Model averaging, model stacking, model ensembling
On keeping many incorrect hypotheses and using them all as one goodish one
June 20, 2017 — July 23, 2023
Train a bunch of different models and use them all. Fashionable in the form of blending, stacking or staging in machine learning competitions, but also popular in classic frequentist inference as model averaging or bagging.
I’ve seen the idea pop up in disconnected areas recently. Specifically: a Bayesian heuristic for dropout in neural nets, AIC for frequentist model averaging, Neural net ensembles, boosting/bagging, and in a statistical learning context for optimal time series prediction.
This vexingly incomplete article points out that something like model averaging might work for any convex loss thanks to Jensen’s inequality.
Two articles (Clarke 2003; Minka 2002) point out that model averaging and combination are not the same and the difference is acute in the M-open setting.
1 Mixtures of models
See mixture models.
2 Stacking
Alternate fun branding: “super learning”. Not actually model averaging, but looks pretty similar if you squint.

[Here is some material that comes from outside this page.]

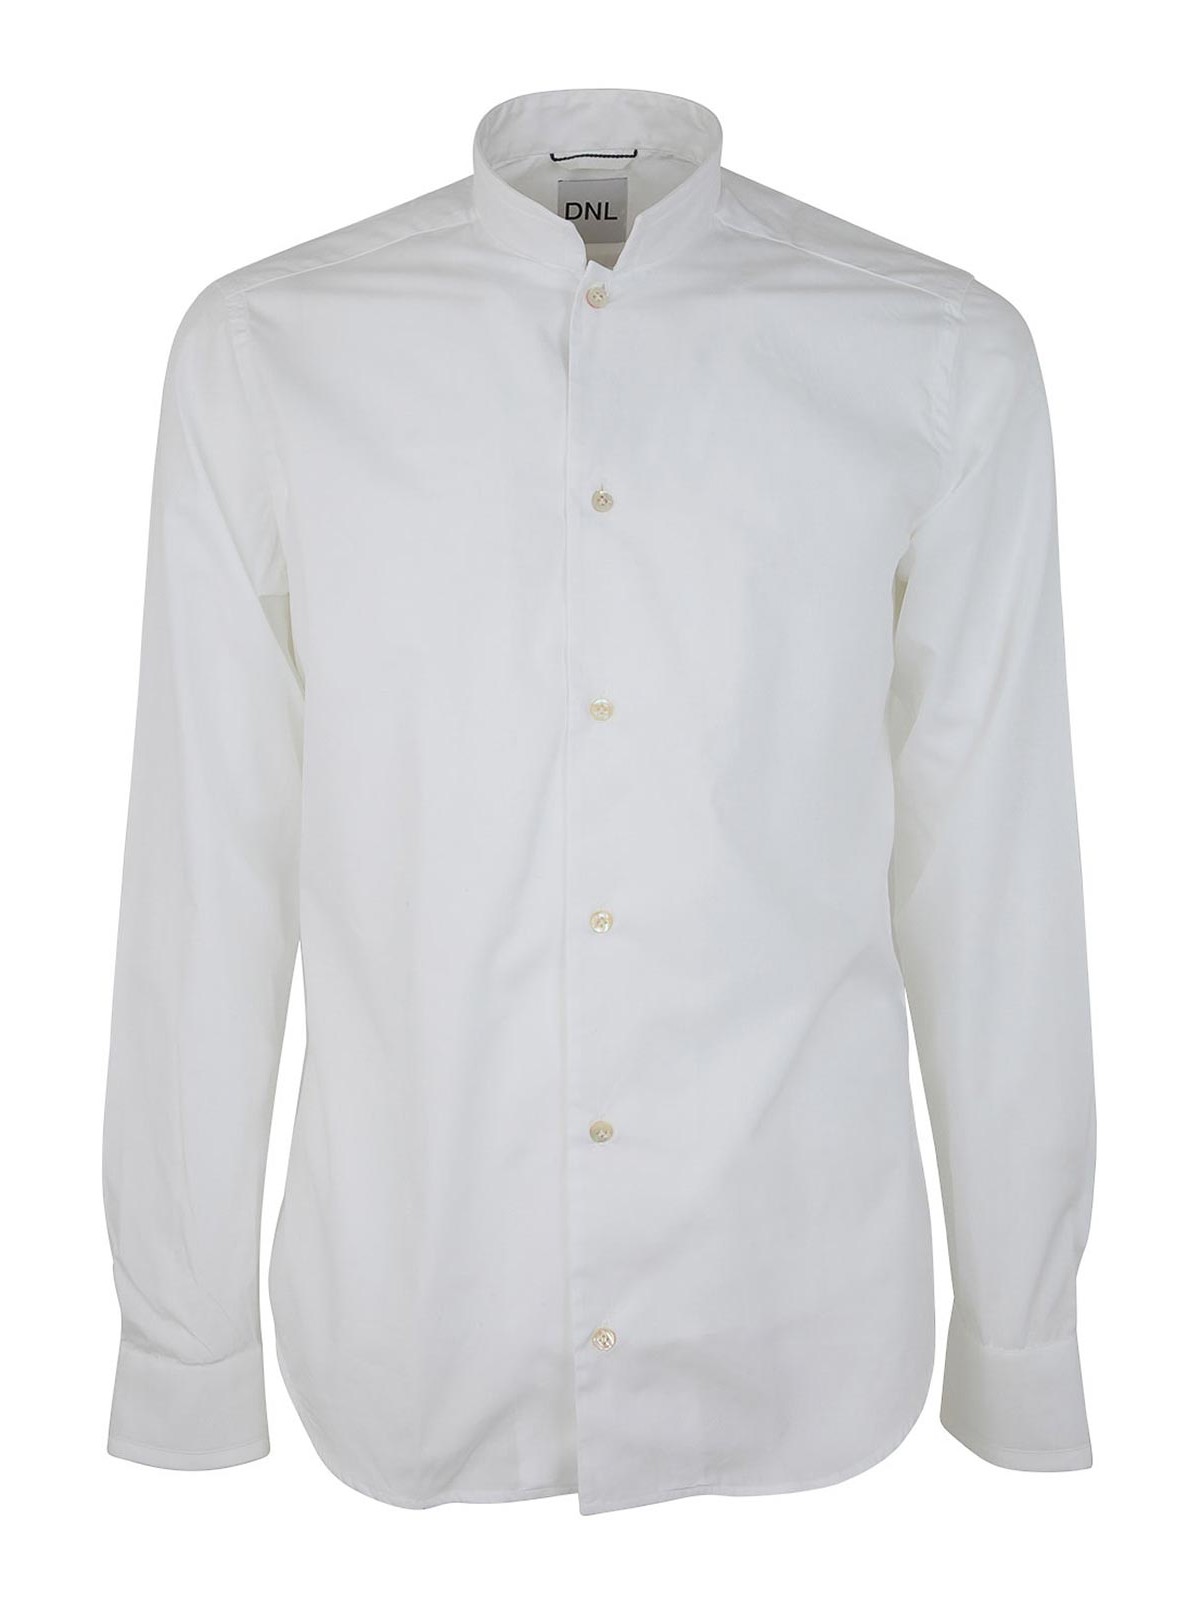 Dnl Shirt In White

Breiman (1996); Clarke (2003); T. Le and Clarke (2017); Naimi and Balzer (2018); Ting and Witten (1999); Wolpert (1992); Yao et al. (2022); Y. Zhang et al. (2022)
3 Bayesian stacking
As above, but Bayesian. Motivates suggestive invocation of M-open machinery. (Clarke 2003; Clyde and Iversen 2013; Hoeting et al. 1999; T. Le and Clarke 2017; T. M. Le and Clarke 2022; Minka 2002; Naimi and Balzer 2018; Polley 2010; Ting and Witten 1999; Wolpert 1992; Yao et al. 2022, 2018).
4 Forecasting
Time series prediction? Try ensemble methods for time series.